GIVEN DATA:

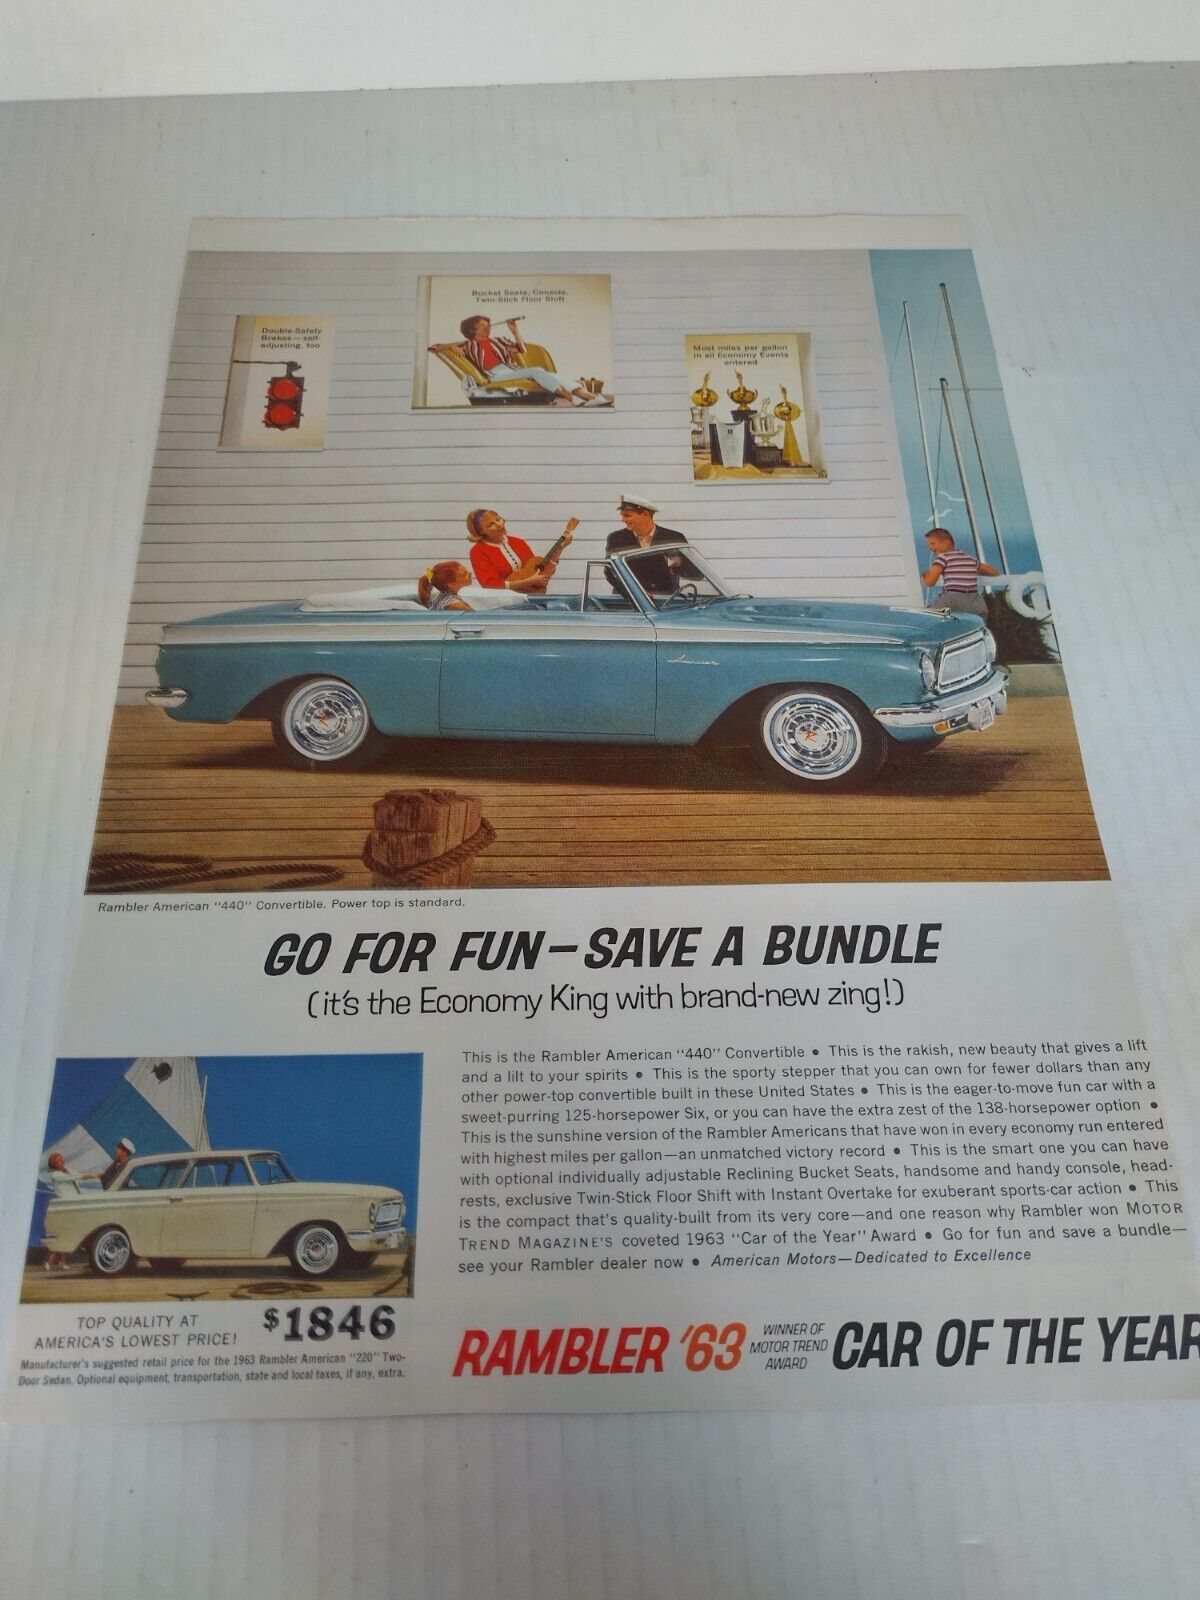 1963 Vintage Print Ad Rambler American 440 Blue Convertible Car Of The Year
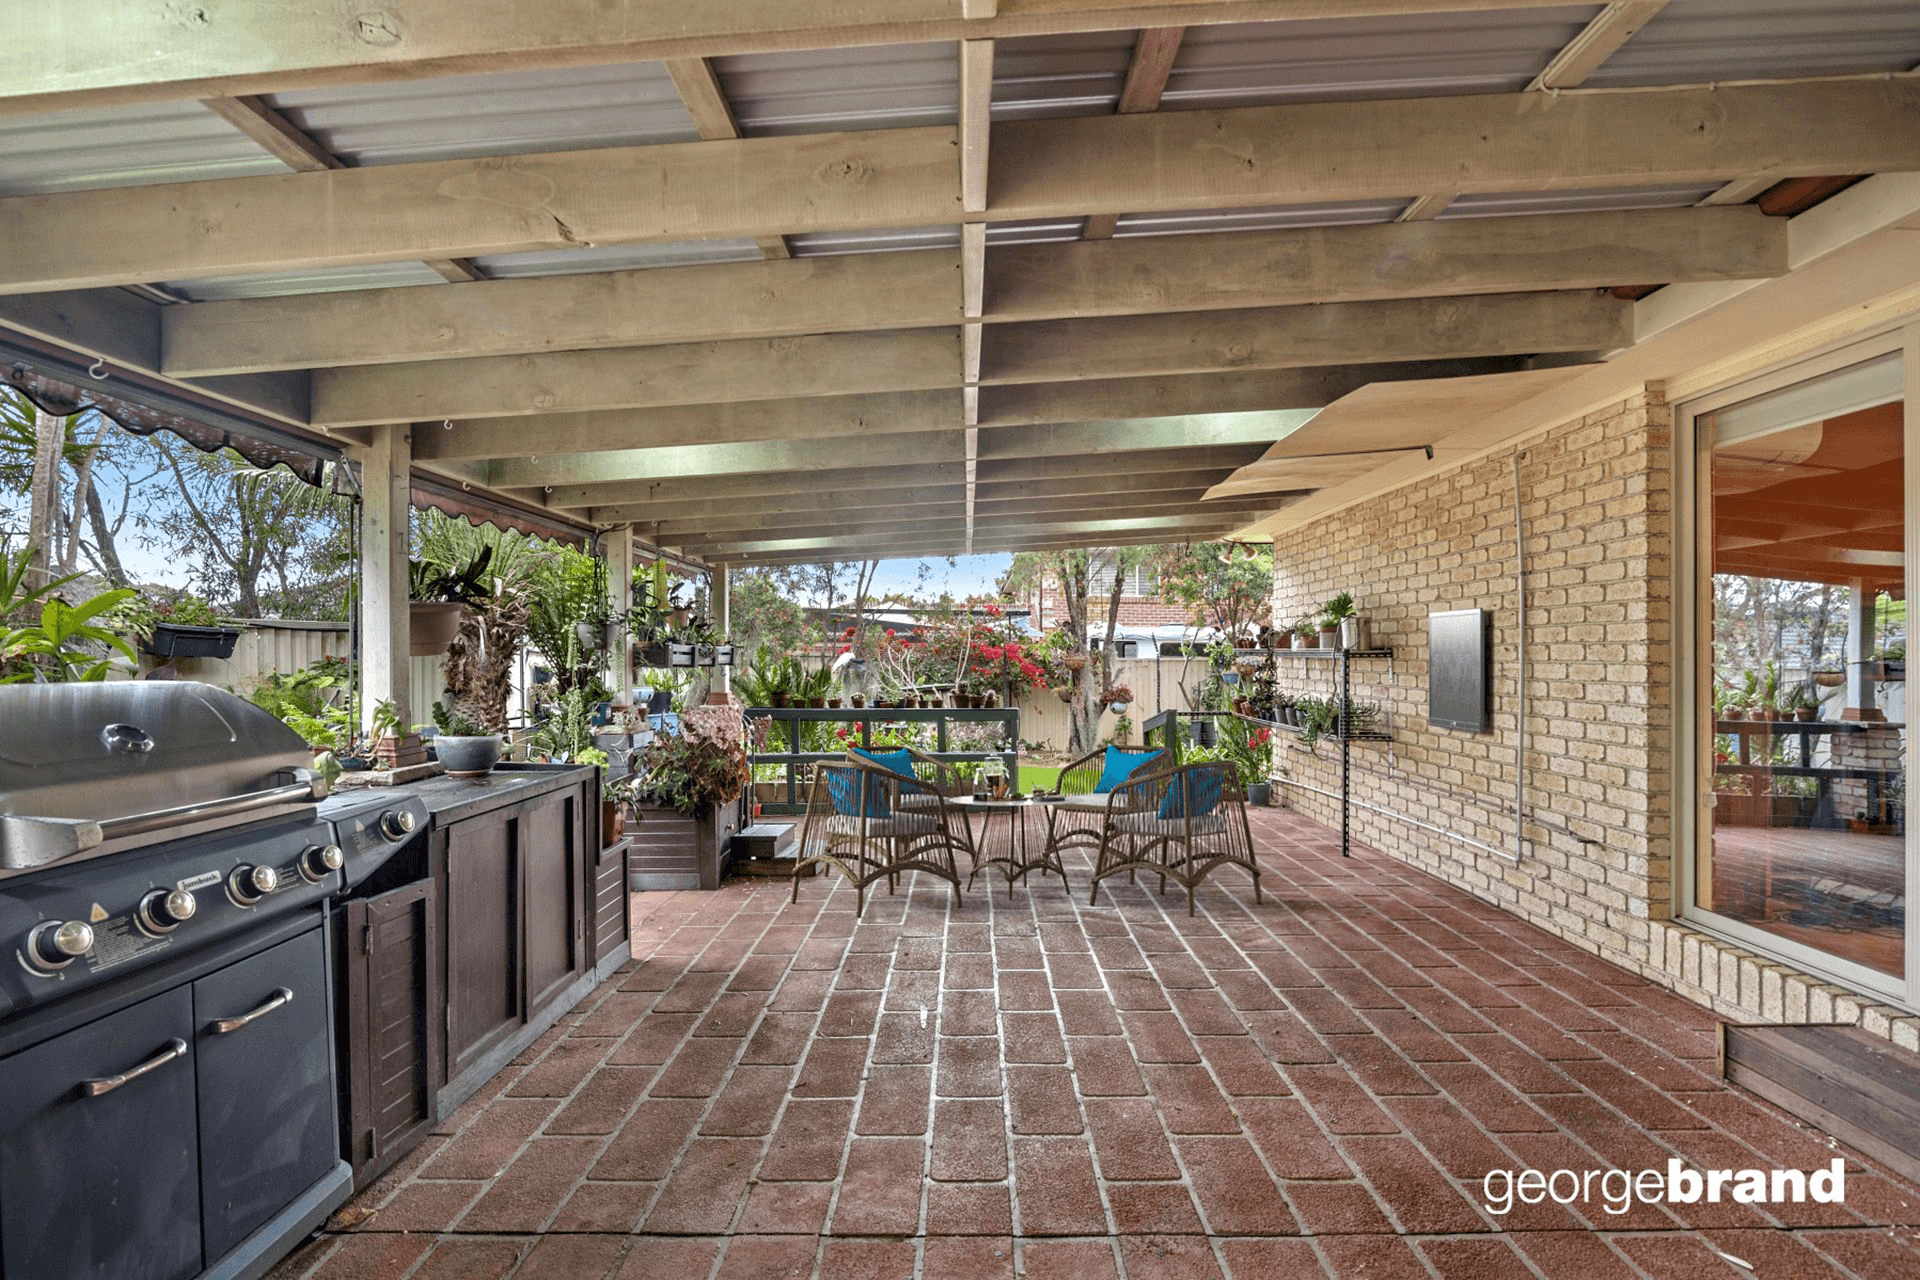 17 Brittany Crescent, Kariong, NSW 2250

* * *

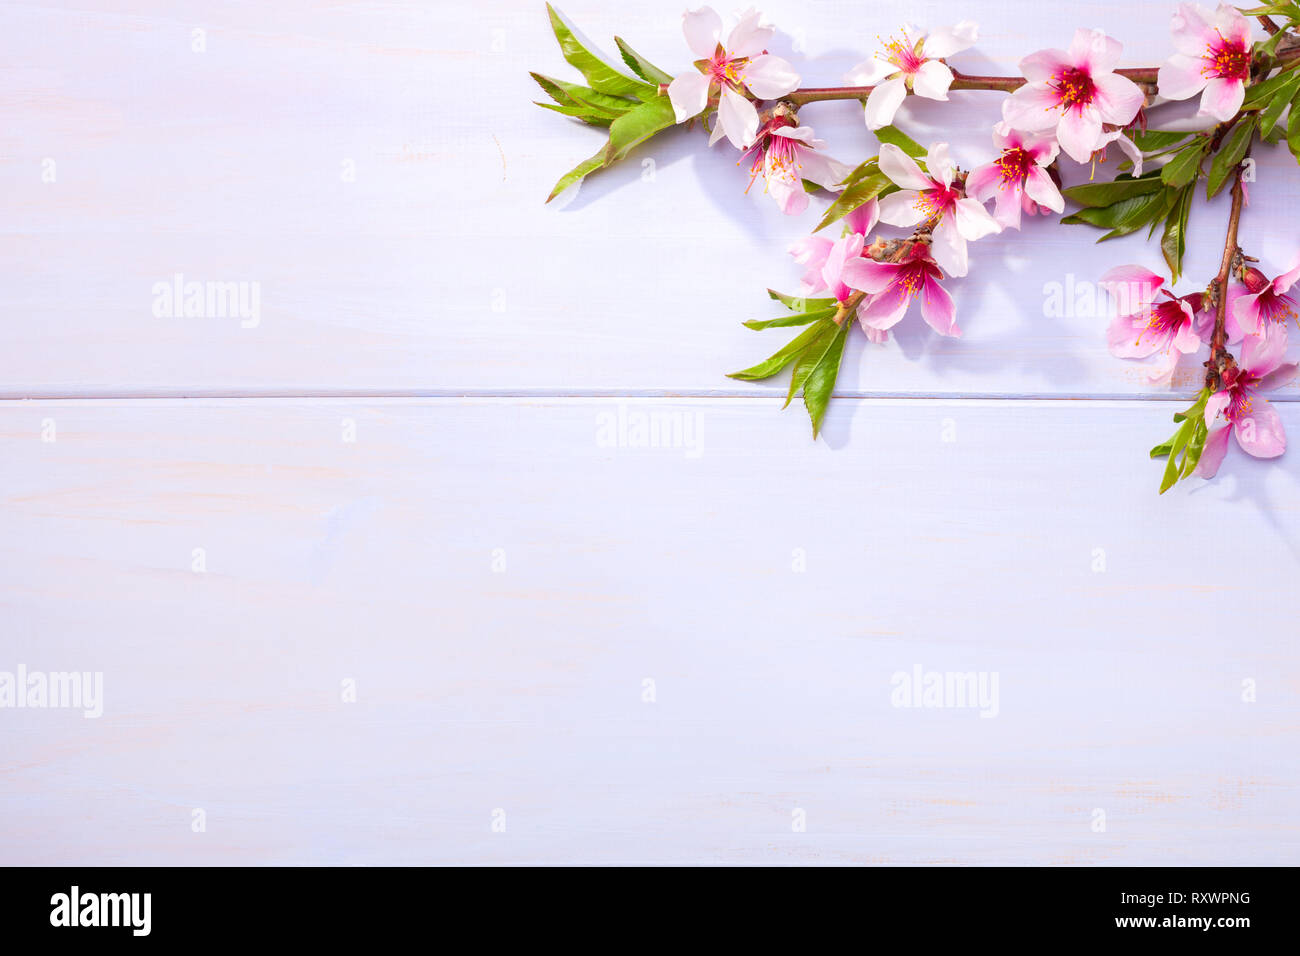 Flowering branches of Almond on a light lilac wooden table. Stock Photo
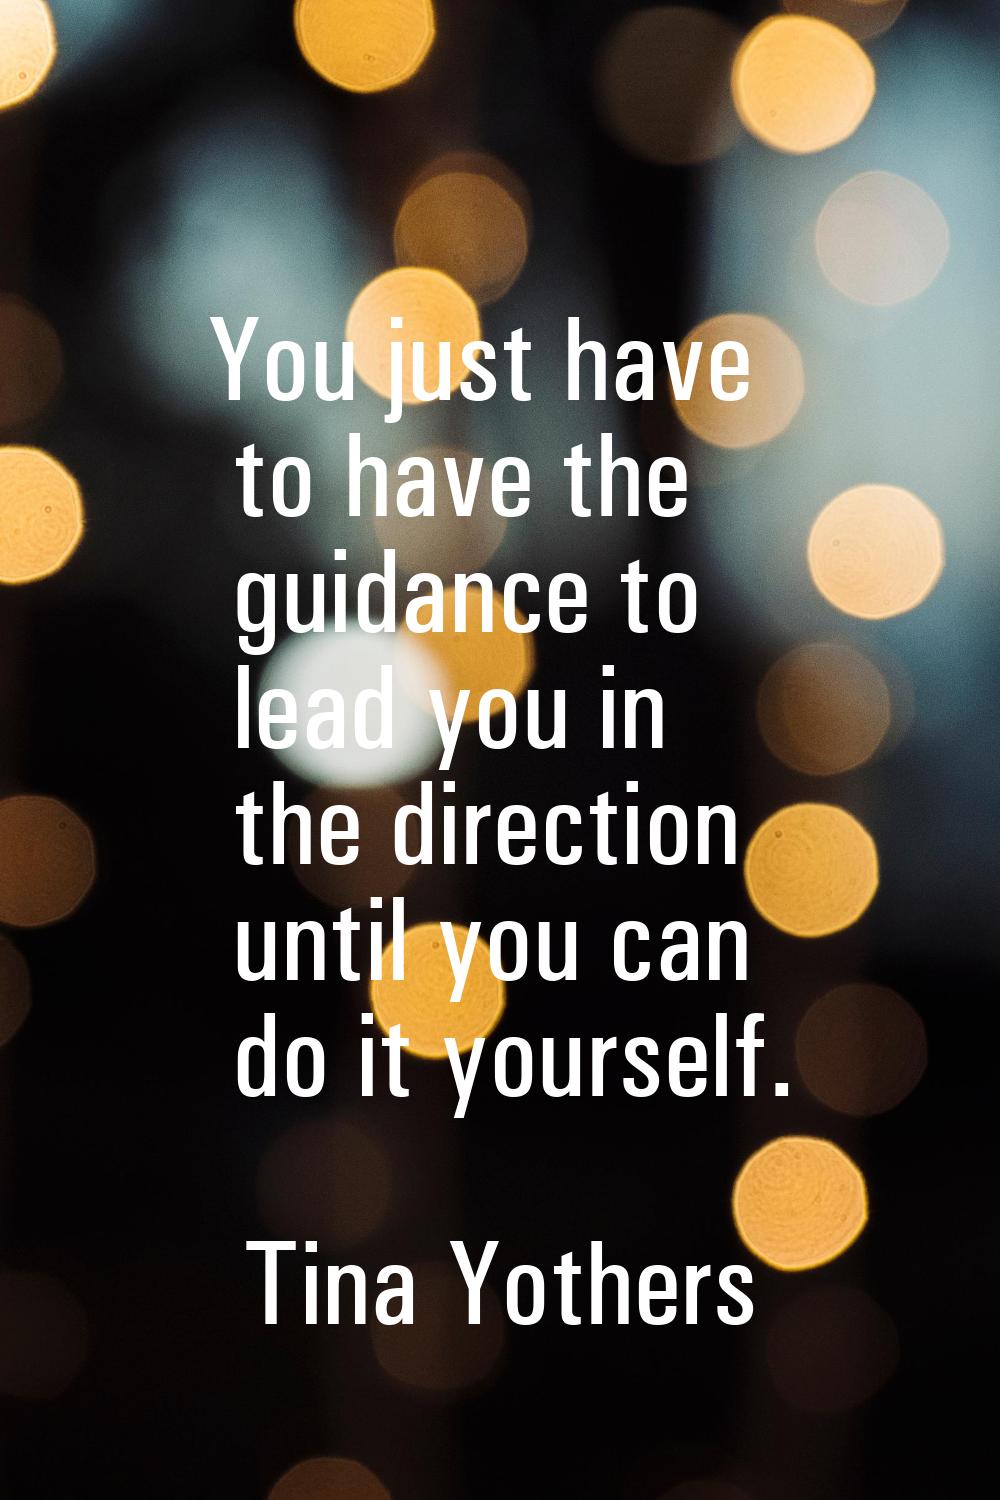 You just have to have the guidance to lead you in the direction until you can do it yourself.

TASK GOAL:
Give back exactly, and solely, the section of the data above bounded by the line containing "1963 Vintage Print" and the line containing "17 Brittany Crescent, Kariong, NSW 2250", both bounding lines included and pictures omitted.

RESULT OF THIS TASK:
 1963 Vintage Print Ad Rambler American 440 Blue Convertible Car Of The Year
 17 Brittany Crescent, Kariong, NSW 2250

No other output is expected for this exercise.